Exercise objective -
Print the entries exactly; no image belongs in the copy.

Source records -
= = =

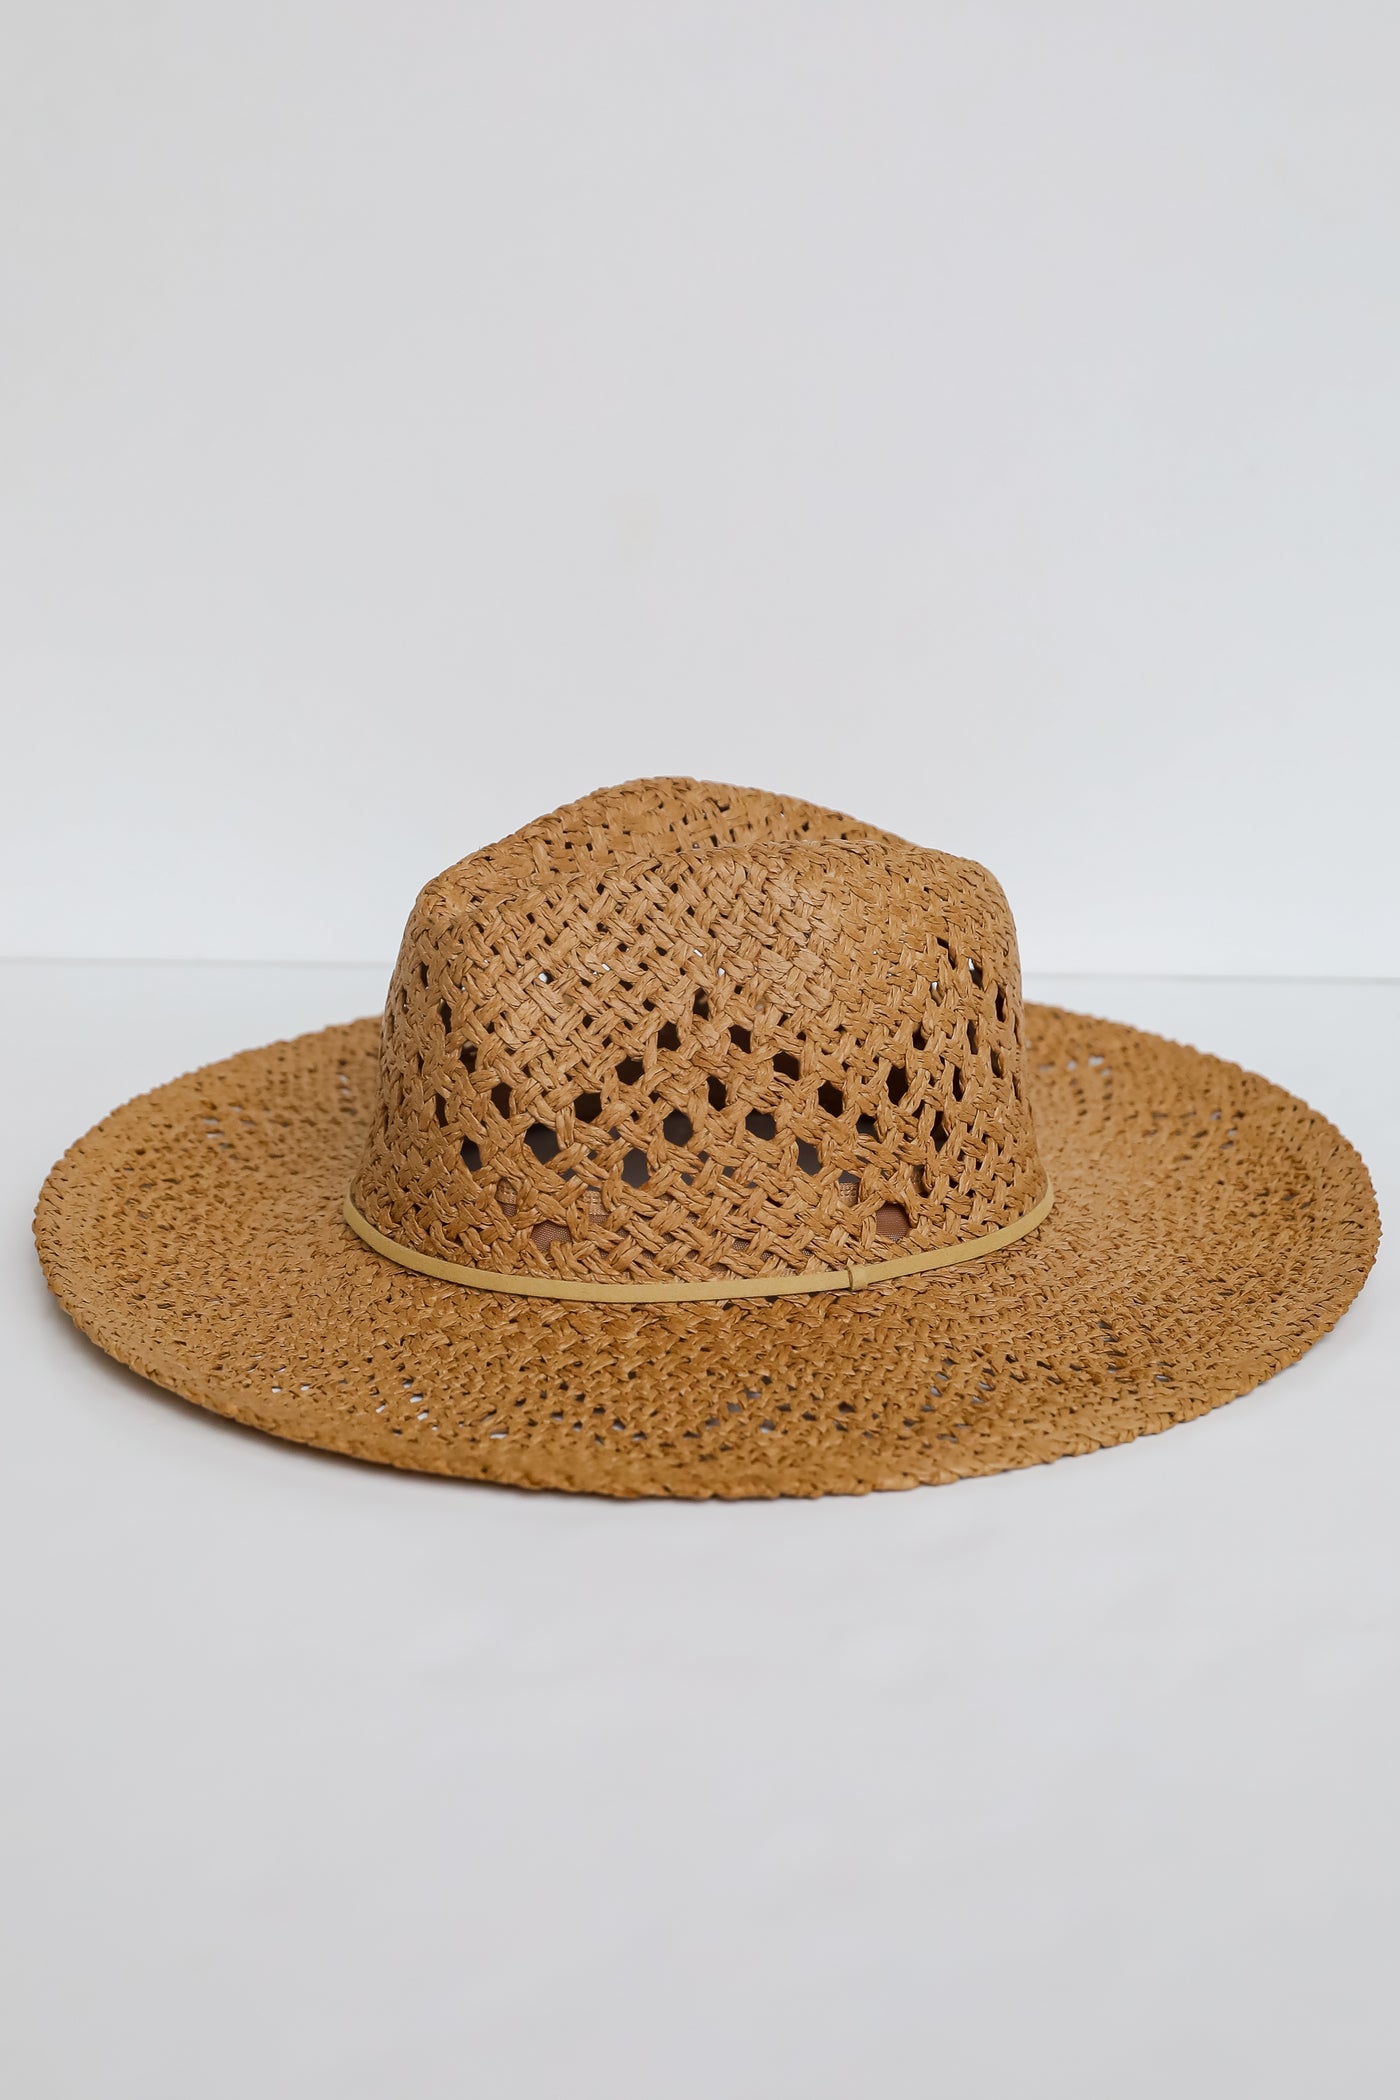 cute straw beach hats
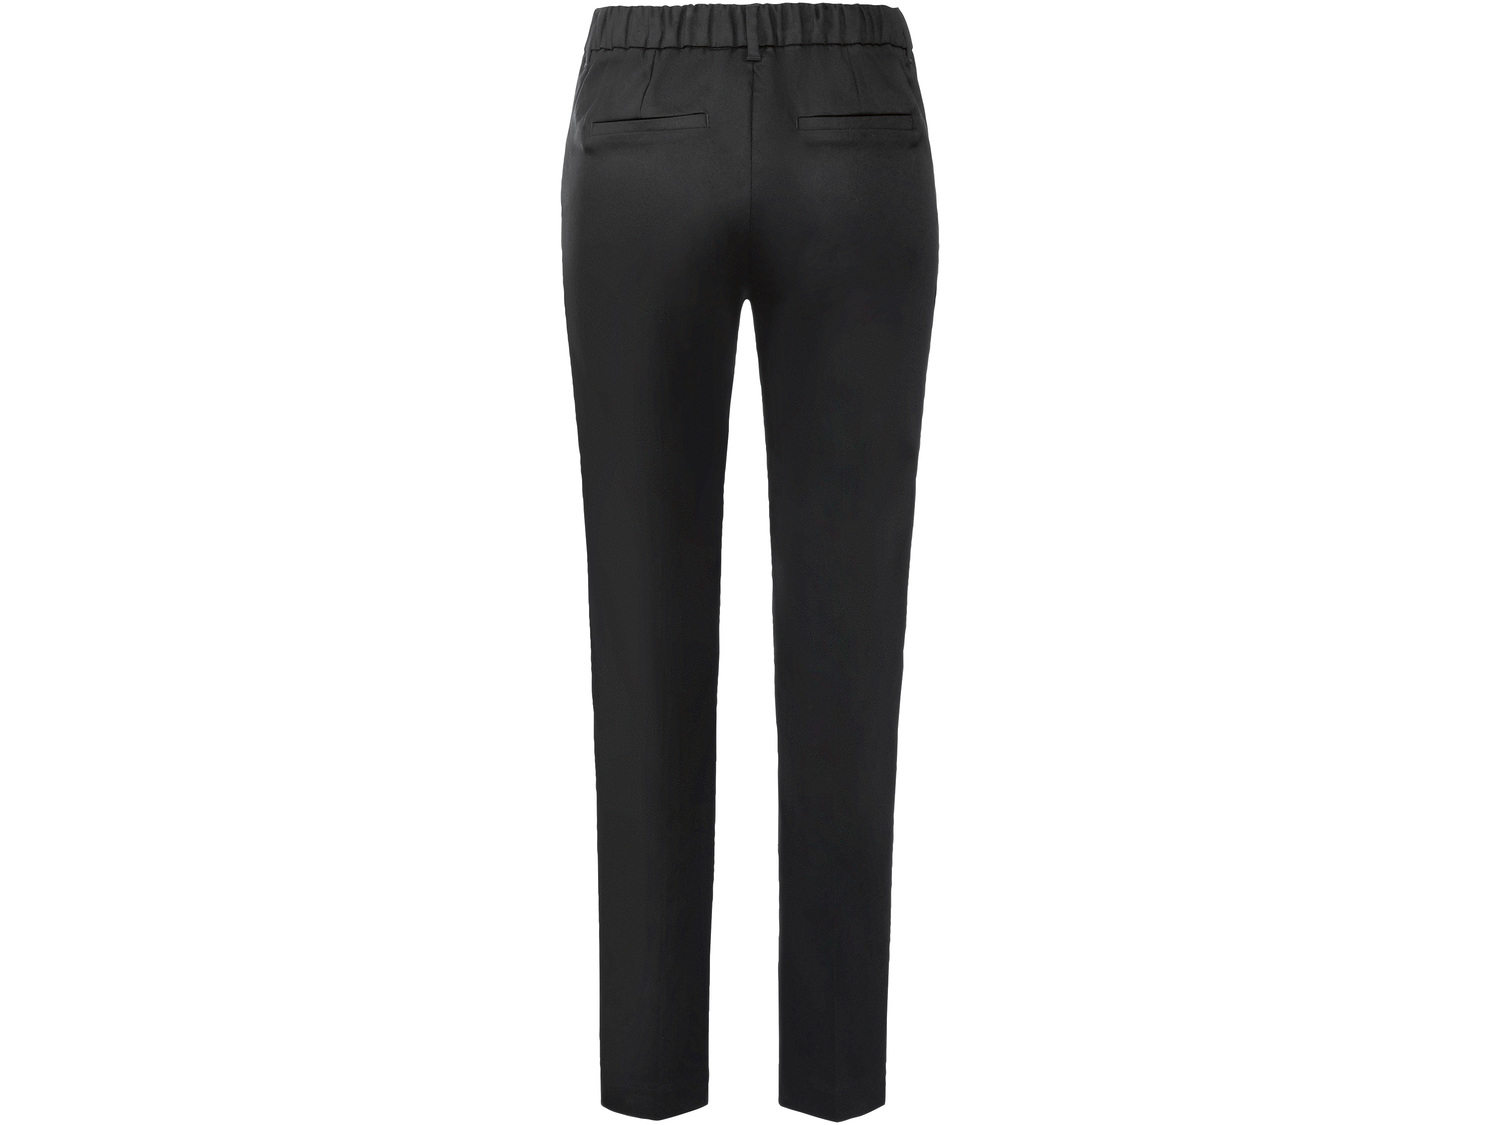 Spodnie damskie Esmara, cena 39,99 PLN 
- rozmiary: 34-46
- klasyczny kr&oacute;j ...
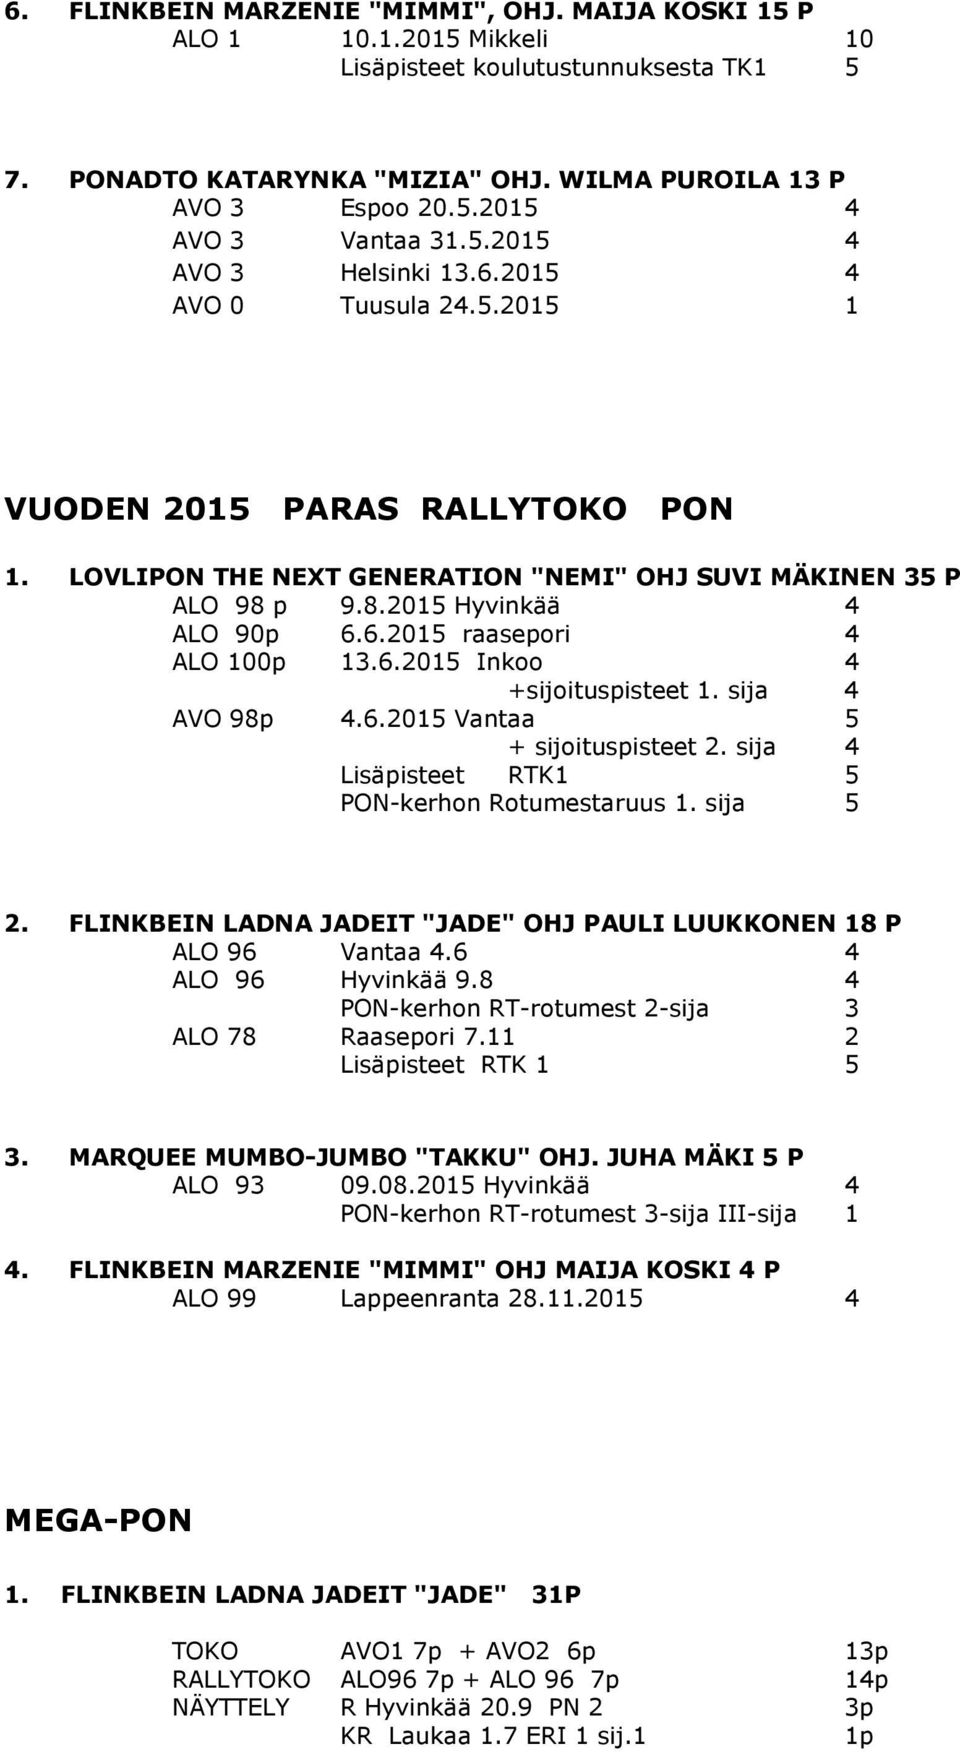 6.2015 Inkoo 4 +sijoituspisteet 1. sija 4 AVO 98p 4.6.2015 Vantaa 5 + sijoituspisteet 2. sija 4 Lisäpisteet RTK1 5 PON-kerhon Rotumestaruus 1. sija 5 2.
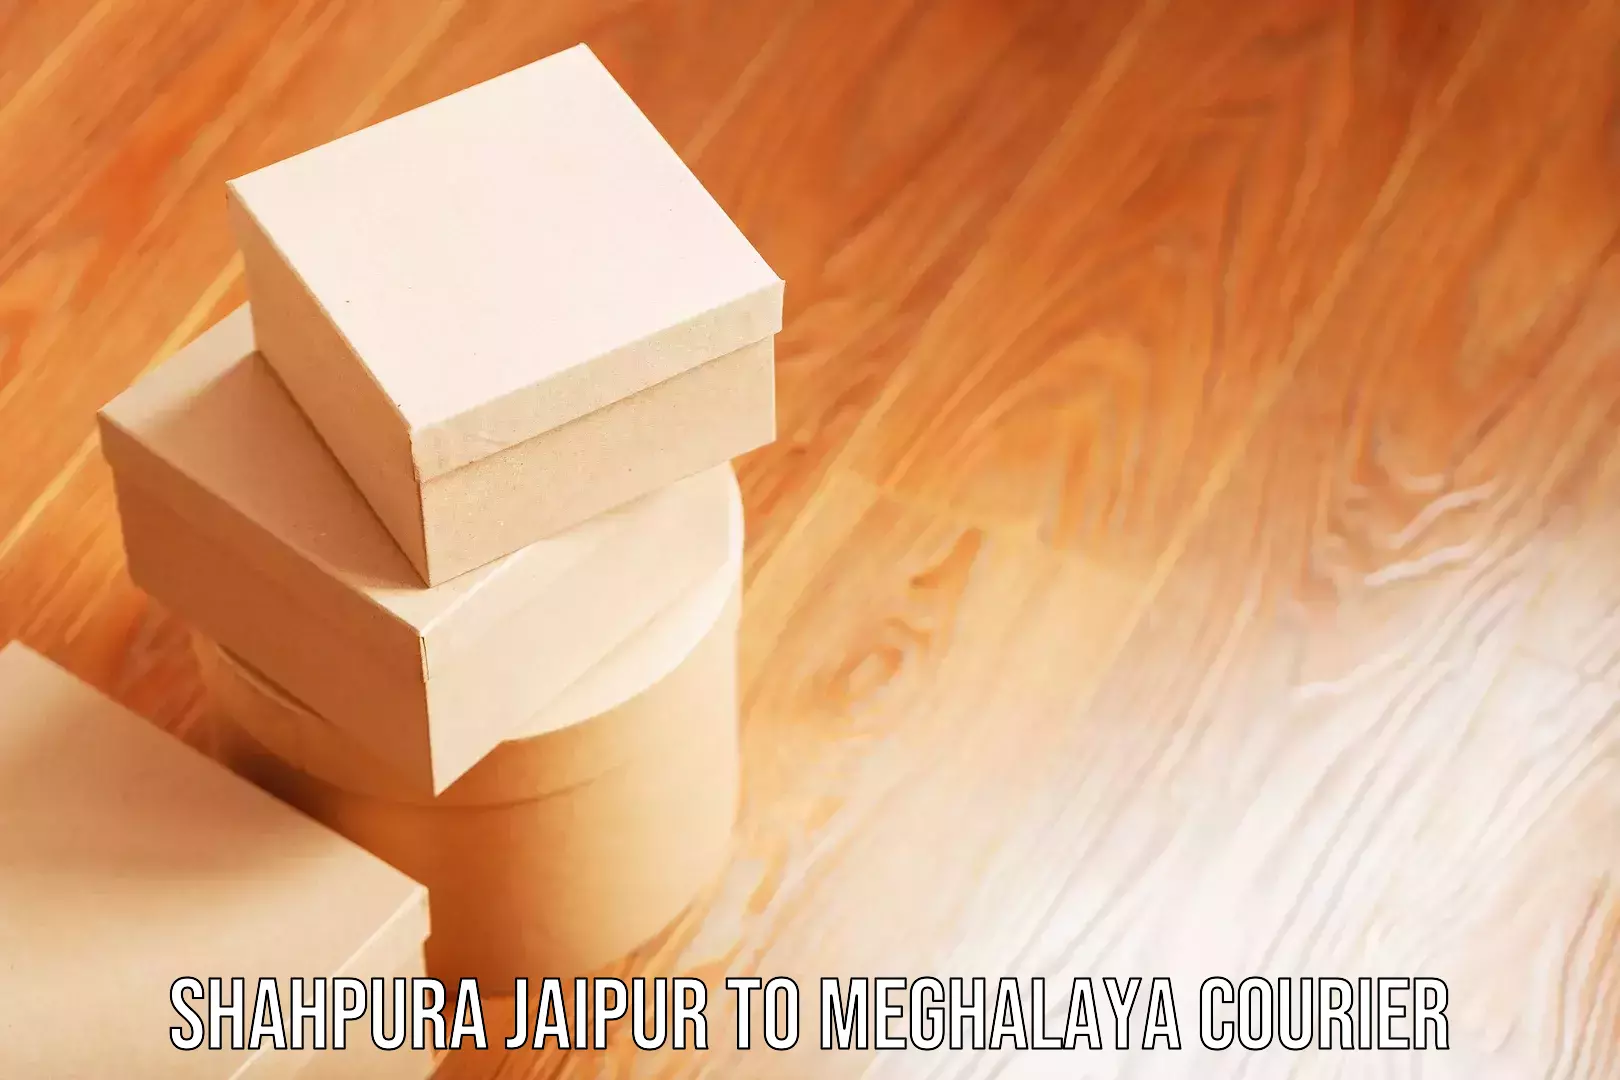 Luggage delivery estimate Shahpura Jaipur to Meghalaya

= = =

Reply to the task -
 cute straw beach hats
 Spodnie damskie Esmara, cena 39,99 PLN 
- rozmiary: 34-46
- klasyczny kr&oacute;j ...
 6.2015 Inkoo 4 +sijoituspisteet 1. sija 4 AVO 98p 4.6.2015 Vantaa 5 + sijoituspisteet 2. sija 4 Lisäpisteet RTK1 5 PON-kerhon Rotumestaruus 1. sija 5 2.
 Luggage delivery estimate Shahpura Jaipur to Meghalaya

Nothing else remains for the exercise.